The Company manages the farm lease business as a separate
line of business from the wholesale water and wastewater
business.
As
of November 30, 2012, the Company has deferred recognition
of $121,500 of revenue related to the farm operations,
which will be recognized in the second quarter of fiscal
2013.
Royalty
and other obligations. Revenues from the
sale of Export Water (defined in Note 4 – Water Assets to
the 2012 Annual Report) are shown net of royalties
payable to the Land Board. Revenues from the sale of water
on the “Lowry Range” (described in Note 4
– Water
Assets to the 2012 Annual Report) are shown net of
the royalties to the Land Board and the amounts retained by
the District .
Oil
and Gas Lease Payments. As further
described in Note 2 – Summary of
Significant Accounting Policies to the 2012
Annual Report, on March 10, 2011, the Company entered into
a Paid-Up Oil and Gas Lease (the “O&G
Lease”) and a Surface Use and Damage Agreement (the
“Surface Use Agreement”) with Anadarko E&P
Company, L.P. (“Anadarko”), a wholly owned
subsidiary of Anadarko Petroleum
Company. Pursuant to the O&G Lease, during
the year ended August 31, 2011, the Company received
up-front payments of $1,243,400 from Anadarko for the
purpose of exploring for, developing, producing and
marketing oil and gas on approximately 634 acres of mineral
estate owned by the Company at its “Sky Ranch”
property (described in Note 4 – Water
Assets to the 2012 Annual Report). The
Company began recognizing the up-front payments from
Anadarko as income on a straight-line basis over three
years (the initial term of the O&G Lease) on March 10,
2011. During each of the three months ended
November 30, 2012 and 2011, the Company recognized $103,600
of income and royalty related to the up-front payments
received pursuant to the O&G Lease.
As
of November 30, 2012, the Company has deferred recognition
of $535,700 of income related to the O&G Lease, which
will be recognized into income ratably through February
2014.
Capitalized
Costs of Water and Wastewater Systems and Depletion and
Depreciation of Water Assets.

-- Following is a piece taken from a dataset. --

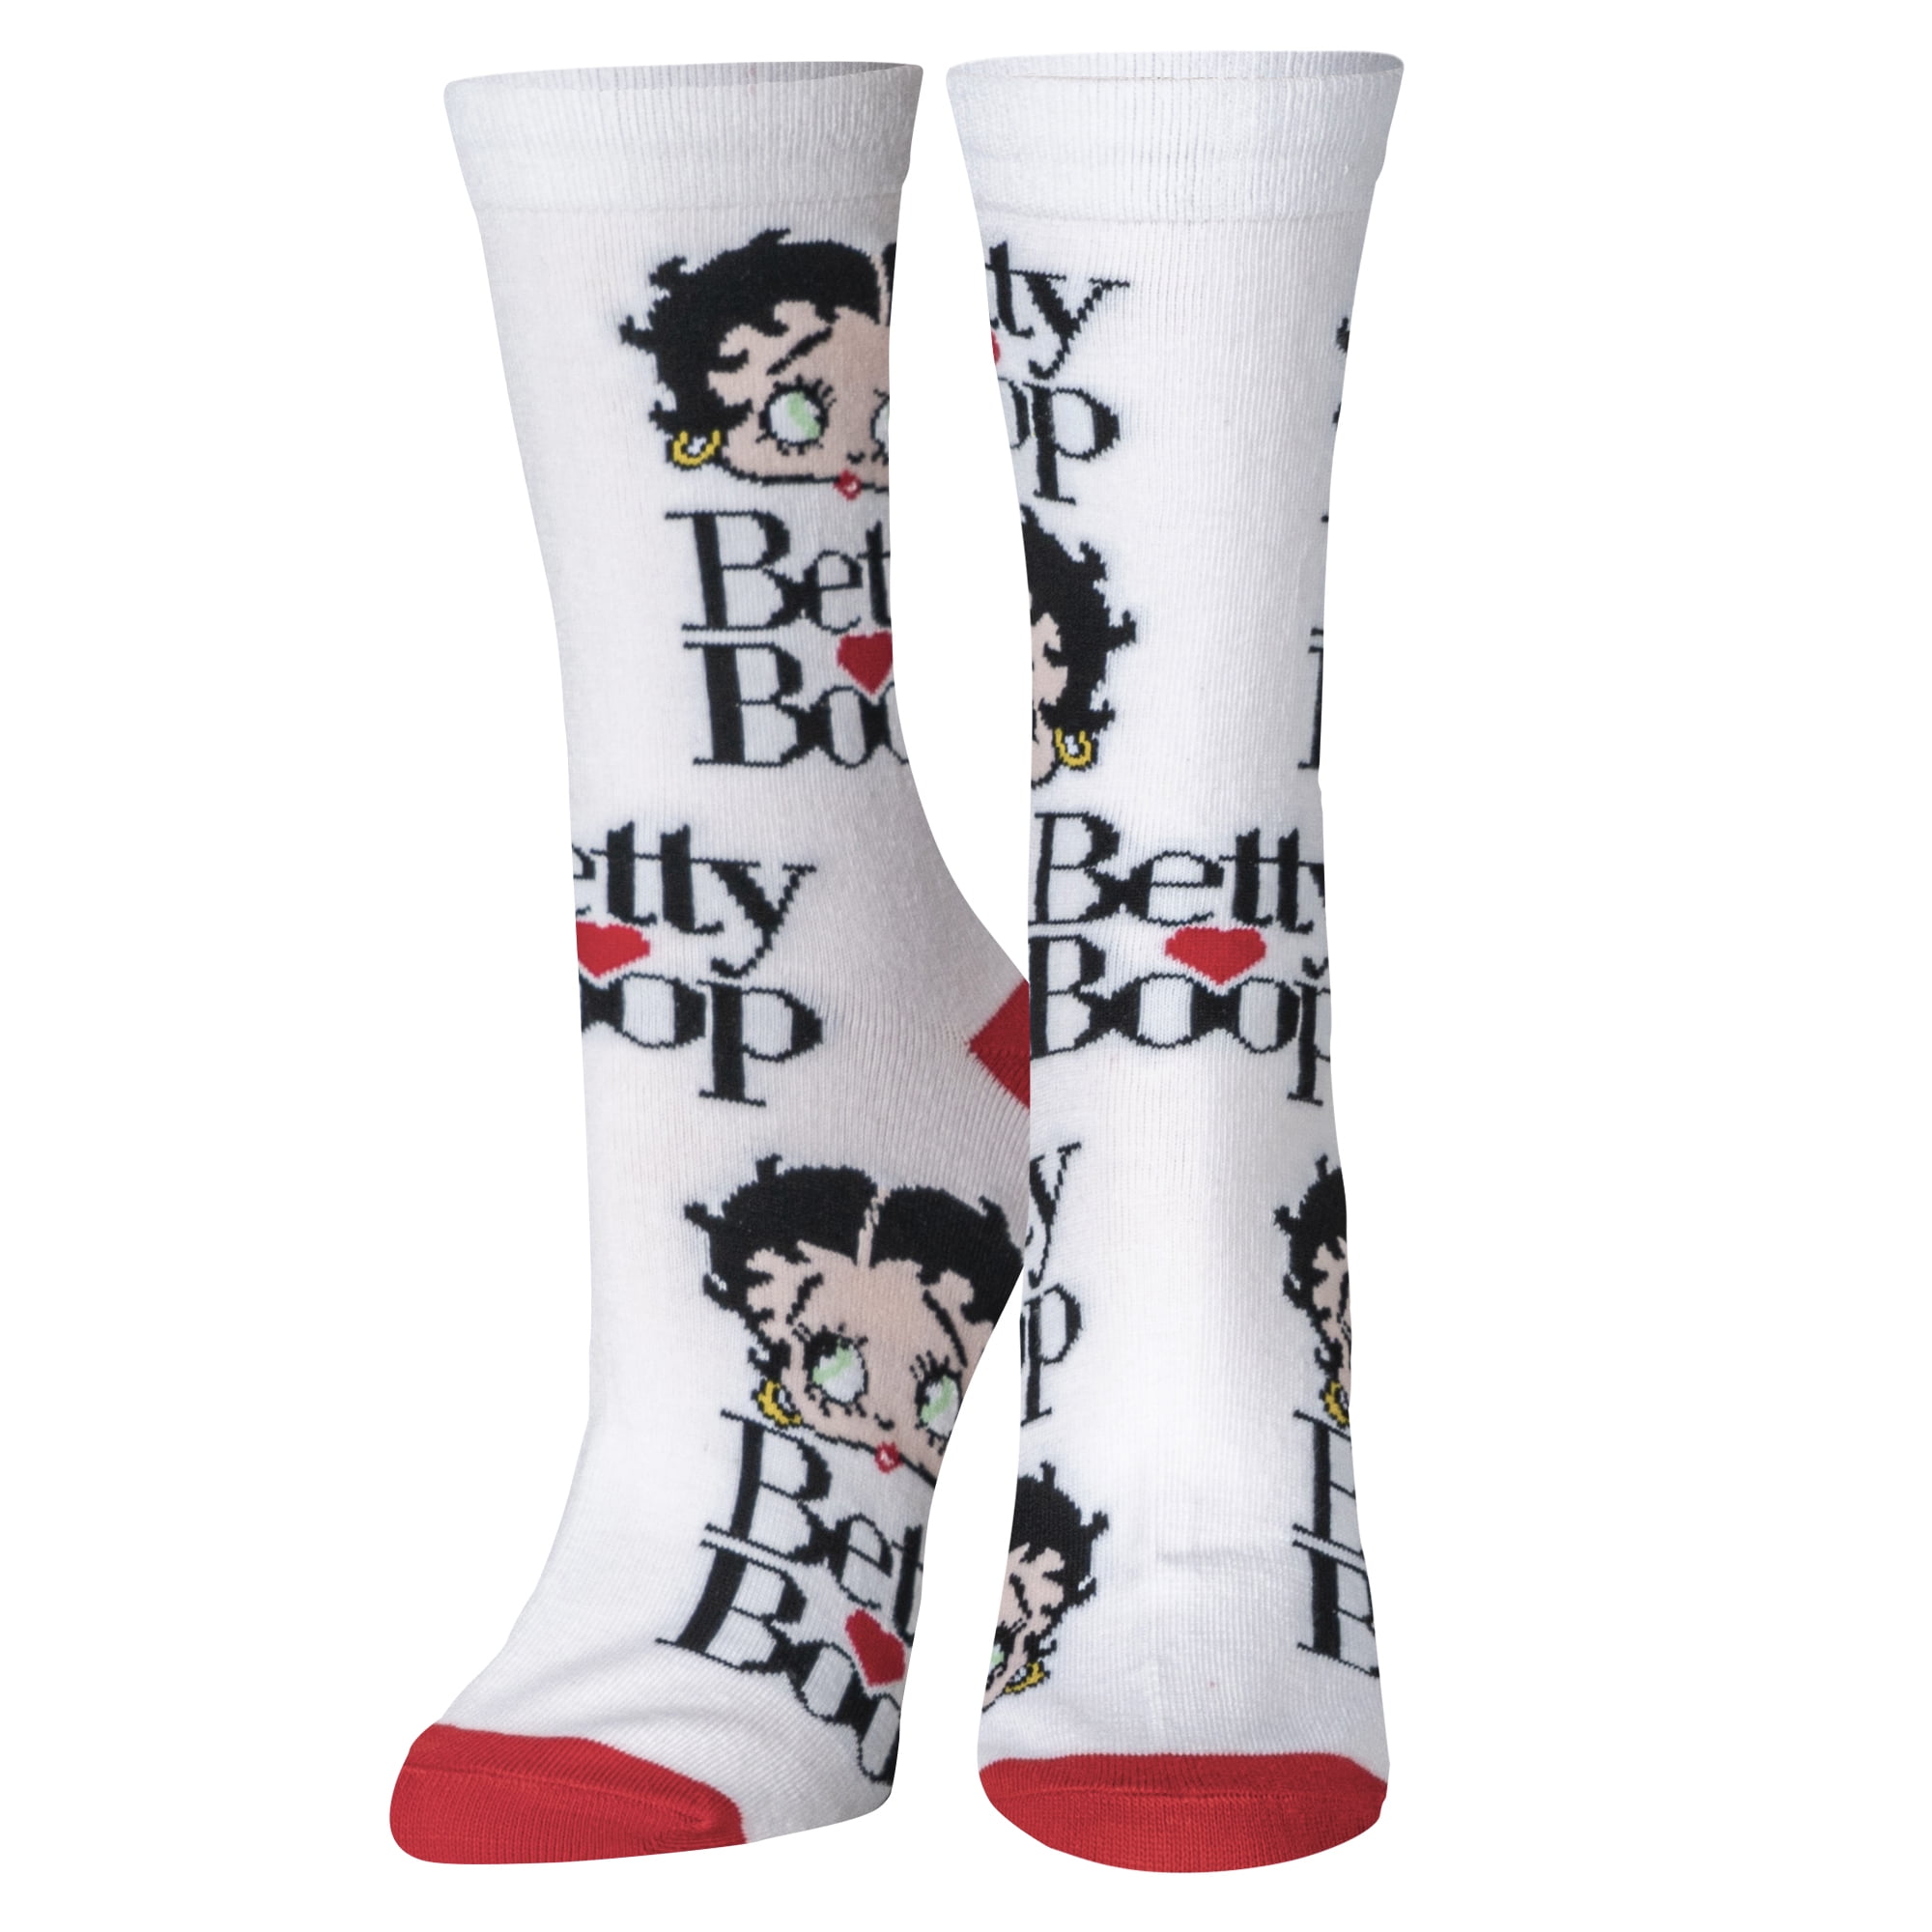 Crazy Socks Betty Boop Fun Print Novelty Crew Socks for Women - Walmart.com

Costs to construct
water and wastewater systems that meet the Company’s
capitalization criteria are capitalized as incurred,
including interest, and depreciated on a straight-line
basis over their estimated useful lives of up to thirty
years. The Company capitalizes
design and construction costs related to construction
activities, and it capitalizes certain legal, engineering
and permitting costs relating to the adjudication and
improvement of its water assets. The Company depletes its
groundwater assets that are being utilized on the basis of
units produced (i.e. thousands of gallons sold) divided by
the total volume of water adjudicated in the water
decrees.
Share-based
Compensation. The Company maintains a
stock option plan for the benefit of its employees and
directors. The Company records share-based
compensation costs as expense over the applicable vesting
period of the stock award using the straight-line
method. The compensation costs to be expensed
are measured at the grant date based on the fair value of
the award. The Company has adopted the
alternative transition method for calculating the tax
effects of share-based compensation, which allows for a
simplified method of calculating the tax effects of
employee share-based compensation. Because the
Company has a full valuation allowance on its deferred tax
assets, the granting and exercise of stock options has no
impact on the income tax provisions.
The
Company recognized $10,600 and $18,800 of share-based
compensation expense during the three months ended November
30, 2012 and 2011, respectively.
Income
taxes. The Company uses a
"more-likely-than-not" threshold for the recognition and
de-recognition of tax positions, including any potential
interest and penalties relating to tax positions taken by
the Company. The Company did not have any
significant unrecognized tax benefits as of November 30,
2012.
The
Company files income tax returns with the Internal Revenue
Service and the State of Colorado. The tax years that
remain subject to examination are fiscal 2010 through
fiscal 2012. The Company does not believe there will be any
material changes in its unrecognized tax positions over the
next twelve months.
The
Company's policy is to recognize interest and penalties
accrued on any unrecognized tax benefits as a component of
income tax expense. At November 30, 2012, the
Company did not have any accrued interest or penalties
associated with any unrecognized tax benefits, nor was any
interest expense recognized during the three months ended
November 30, 2012 and 2011.
Loss
per Common Share. Loss
per common share is computed by dividing net loss by the
weighted average number of shares outstanding during each
period. Common stock options and warrants aggregating
215,100 and 275,100 common share equivalents were
outstanding as of November 30, 2012 and 2011, respectively,
and have been excluded from the calculation of loss per
common share as their effect is anti-dilutive.
Recently
Issued Accounting Pronouncements.
The
Company continually assesses any new accounting
pronouncements to determine their
applicability. When it is determined that a new
accounting pronouncement affects the Company’s
financial reporting, the Company undertakes a study to
determine the consequence of the change to its financial
statements and assures that there are proper controls in
place to ascertain that the Company’s financials
properly reflect the change.
In
June 2011, the Financial Accounting Standards Board
(“FASB”) issued Accounting Standards Update
(“ASU”) No. 2011-05, Comprehensive
Income (Topic 220) – Presentation of Comprehensive
Income (“ASU 2011-05”). ASU
2011-05 requires entities to present net income and other
comprehensive income in either a single continuous
statement or in two separate, but consecutive, statements
of net income and other comprehensive
income. ASU 2011-05 is effective for fiscal
years and interim periods beginning after December 15, 2011
(September 1, 2012 for the Company). The
adoption of ASU 2011-05 did not have a material impact on
its results of operations, financial condition or cash
flows.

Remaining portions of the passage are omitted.